I am using this function frequently, e.g., when routing through flat areas or topographic depressions when calculating a FLOWobj. However, there is a lot more to do with graydist. One nice application is to find a least cost path over a surface. In this post, I will show how to use TopoToolbox to find a way through steep terrain that minimizes the cumulated gradient (up and down) along the path. Thus, this function will be indispensible for planning your next hiking trip into the wild.

Ok, let’s see how to calculate least cost paths using Matlab and TopoToolbox 2. First, load the DEM shipped with TopoToolbox.
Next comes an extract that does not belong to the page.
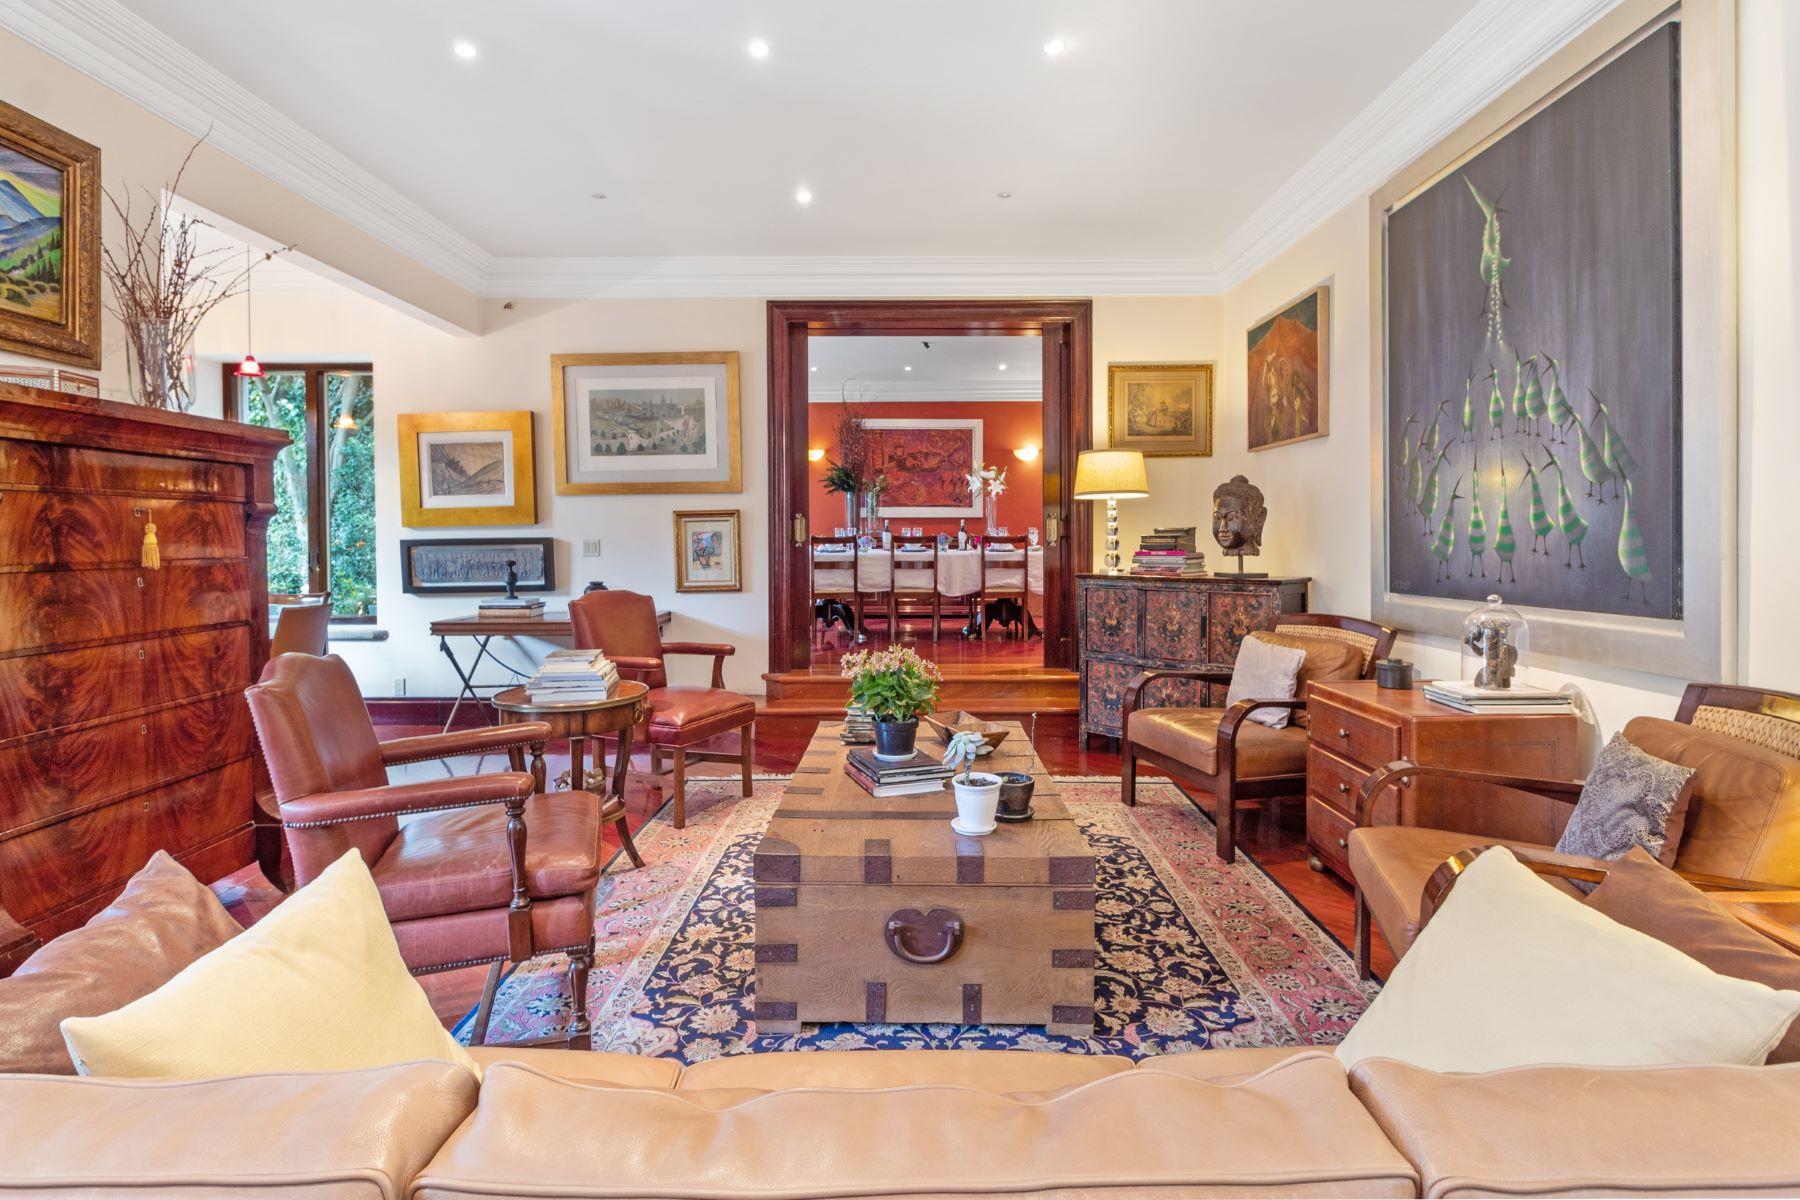 Other Residential Homes 용 매매 에 Casa Lila Lomas De Chapultepec, 멕시코의 도시 52785 멕시코
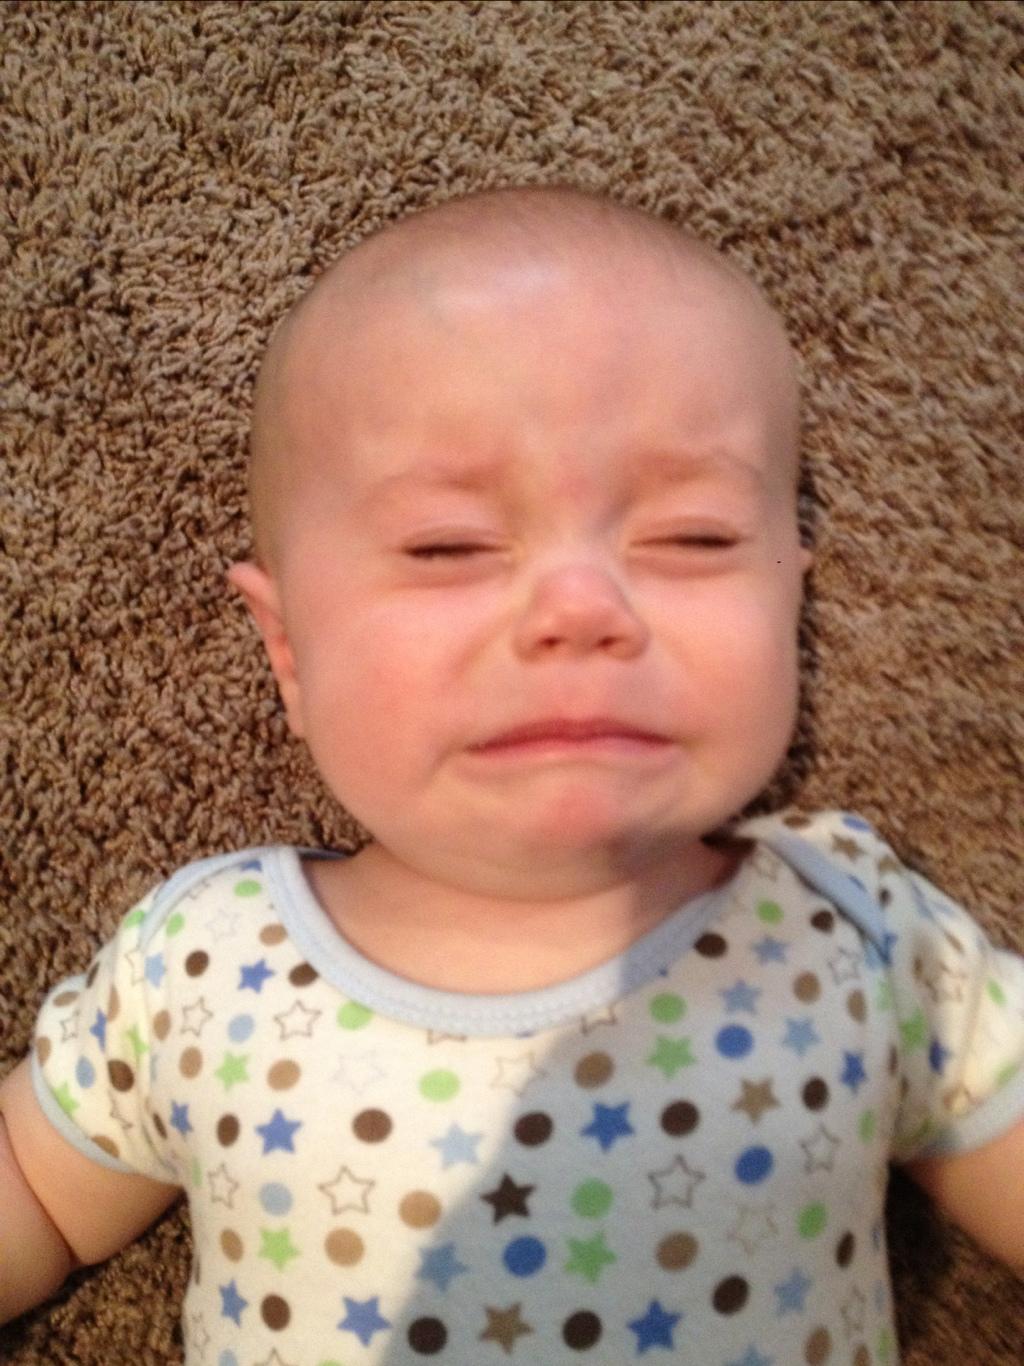 Momen Paling Pas Saat Memotret Bayi NEWMYINSPIRATIONSISTER

DEM = GRIDobj('srtm_bigtujunga30m_utm11.tif');


Then calculate a gradient grid which we will later use as weights into the distance calculation.

G = gradient8(DEM);

Create a GRIDobj with same spatial referencing as G that we will then use to store the distance grid.

D = GRIDobj(G);

Calculate the gray-weighted distance transform seeded at the lower left corner of the DEM

D.Z = graydist(G.Z,DEM.size(1));
imagesc(D); colorbar


Use the distance grid as input into the FLOWobj constructor function

FD = FLOWobj(D);

Calculate the influencemap seeded at the upper right corner

I  = influencemap(FD,prod(DEM.size)-DEM.size(1)+1);

Take this influencemap as stream grid for deriving a STREAMobj

S  = STREAMobj(FD,I);

and plot it

hold on


Ok, that would be a nice walk along the river. Do you have applications in which you need least cost paths? Let me know.